I've been trying to show that if $V_1,\dots,V_k,W$ are vector spaces over $K$, then
$$\mathcal{L}(V_1,\dots,V_k;W)\simeq \mathcal{L}(V_1;\mathcal{L}(V_2,\dots,V_k;W)),$$
I think I've got the idea, but I've got confused with notation, so I'm unsure if it's right. The idea is: pick $f\in \mathcal{L}(V_1,\dots,V_k;W)$, if I fix the first argument, I have a function from in $\mathcal{L}(V_2,\dots,V_k;W)$. So that the map that picks $v_1\in V_1$ and gives the function $f$ with $v_1$ fixed is in $\mathcal{L}(V_1;\mathcal{L}(V_2,\dots,V_k;W))$, so the maps that picks $f$ and gives this function should be the isomorphism.
So I do as follows: let $f \in \mathcal{L}(V_1,\dots,V_k;W)$, define $T_f \in \mathcal{L}(V_1;\mathcal{L}(V_2,\dots,V_k;W))$ be given by $T_f(v_1)=f(v_1,\cdot,\dots,\cdot)$. Define then $\psi : \mathcal{L}(V_1,\dots,V_k;W)\to\mathcal{L}(V_1;\mathcal{L}(V_2,\dots,V_k;W))$ by the rule $\psi(f)=T_f$, then $\psi$ is isomorphism.
To show that, we notice that $\psi$ is linear, for $\psi(\lambda f + g)=T_{\lambda f+g}$, and then we have that $T_{\lambda f+g}(v_1)=(\lambda f+g)(v_1,\cdot,\dots,\cdot)$, so that by definition of operations between multilinear maps we have $T_{\lambda f+g} = \lambda T_f + T_g$ and then $\psi(\lambda f + g)=\lambda \psi(f) + \psi (g)$.
Injectivity is shown by noticing that $\psi(f)=0$ implies that $T_f=0$, so that we have $T_f(v_1)=0$ for all $v_1\in V_1$. This means that $f(v_1,\cdot,\dots,\cdot)=0$ and so this implies $f=0$, hence $\psi$ is injective.

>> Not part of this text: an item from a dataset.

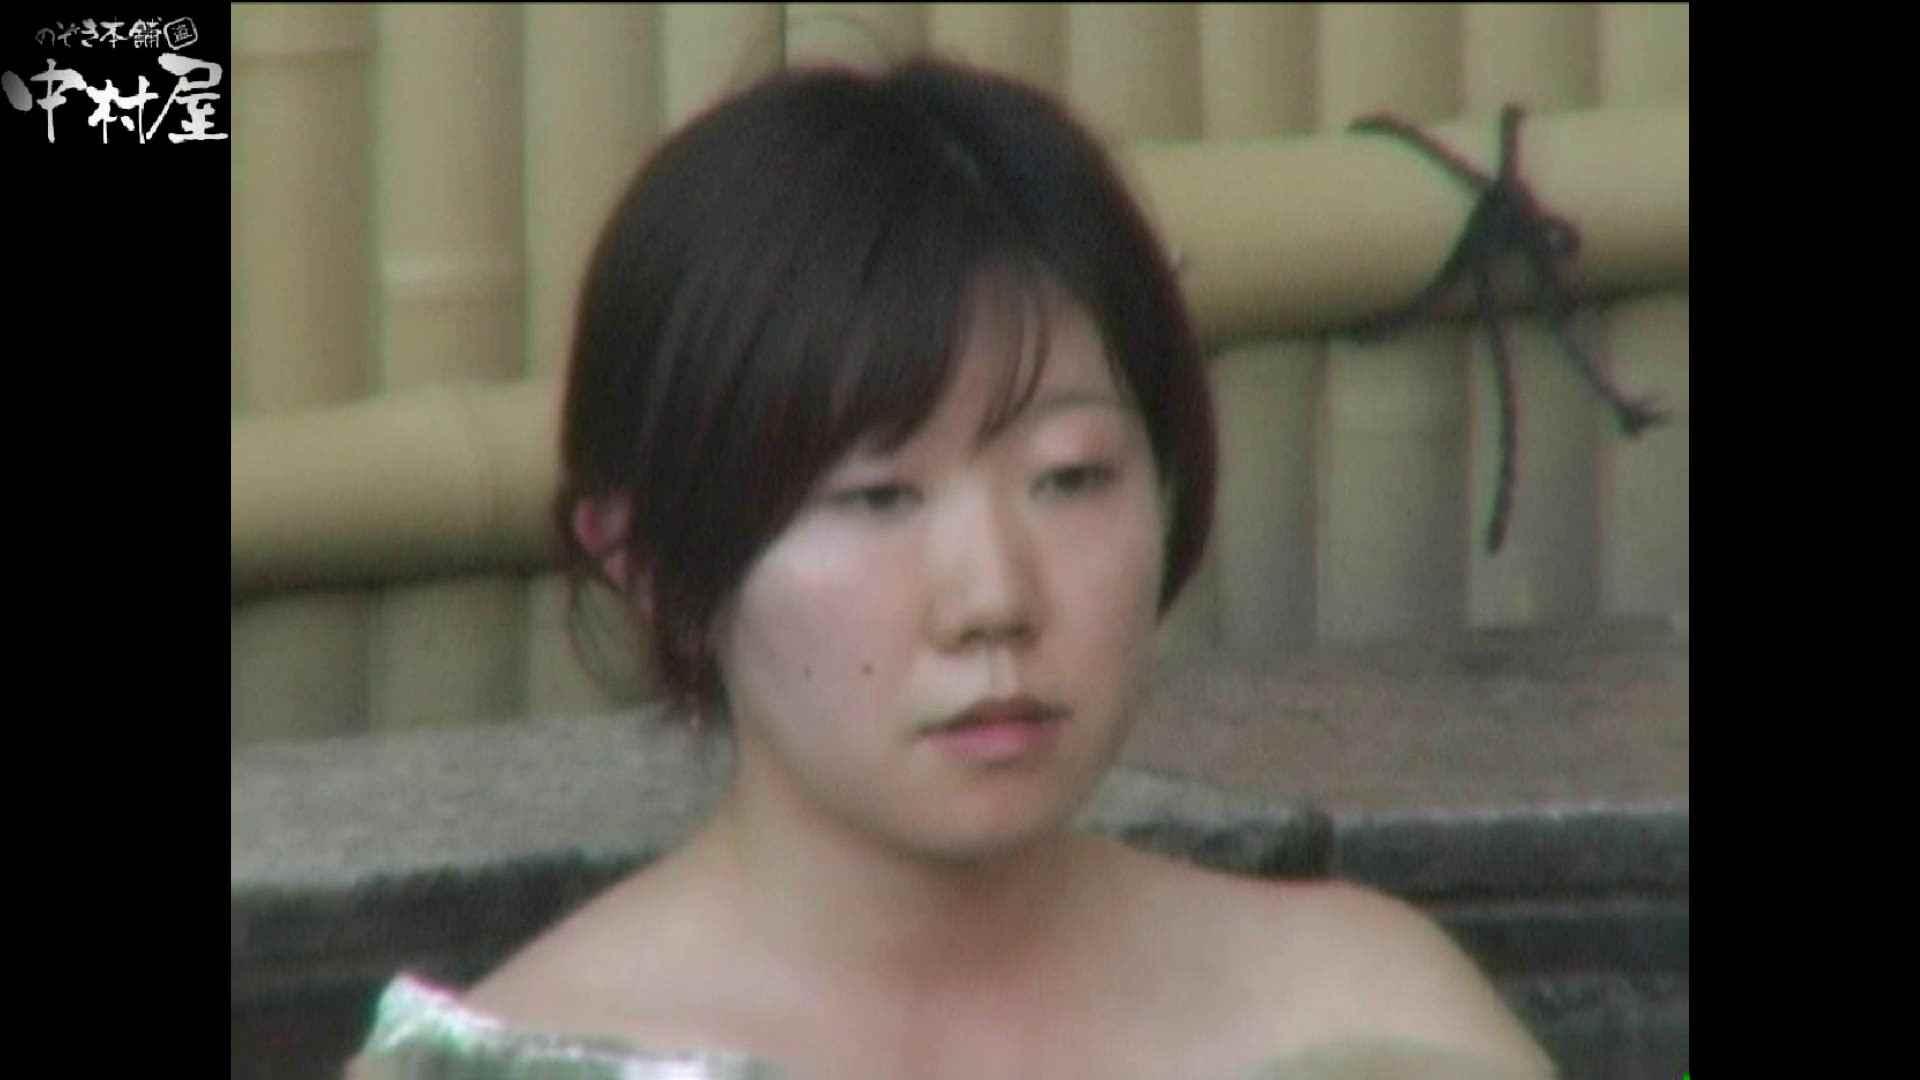 Aquaな露天風呂Vol.977 美しいOLの裸体 ヌード画像 83pic 8

Surjectivity we show by the following process, let $\varphi \in \mathcal{L}(V_1;\mathcal{L}(V_2,\dots,V_k;W))$ then $\varphi(v_1)$ is a multilinear mapping from $V_2,\dots,V_k$ into $W$. Define $\eta(\varphi)(v_1,\dots,v_k) = \varphi(v_1)(v_2,\dots,v_k)$, then $\eta(\varphi)$ is multilinear from $V_1,\dots,V_k$ into $W$, more than that, we have
$$\psi(\eta(\varphi))=T_{\eta(\varphi)}\Longrightarrow T_{\eta(\varphi)}(v_1)=\eta(\varphi)(v_1,\cdot,\dots,\cdot)=\varphi(v_1)(\cdot,\dots,\cdot),$$
so that $\psi$ is surjective and hence bijective. Since $\psi$ is linear, injective and surjective, $\psi$ is isomorphism.
Now, is this proof correct? I'm a little unsure mainly because of notation, and in the surjectivity part.
Thanks very much in advance!
You're asking to show $\operatorname{Mult}(V_1 \times \ldots \times V_n,W) = \operatorname{Hom}(V_1,\operatorname{Mult}(V_2\times \ldots \times V_n,W))$? We have
$$\begin{eqnarray*} \operatorname{Mult}(V_1 \times \ldots \times V_n,W) &=& \operatorname{Hom} ( V_1 \otimes \ldots \otimes V_n,W) \\ &=&\operatorname{Hom}(V_1,\operatorname{Hom}(V_2 \otimes \ldots \otimes V_n,W))\\ &=&\operatorname{Hom}(V_1,\operatorname{Mult}(V_2\times \ldots \times V_n,W))\end{eqnarray*}$$
showing your result. In the first line we used the universal property of the tensor product, second line tensor-hom adjunction, third line the universal property again.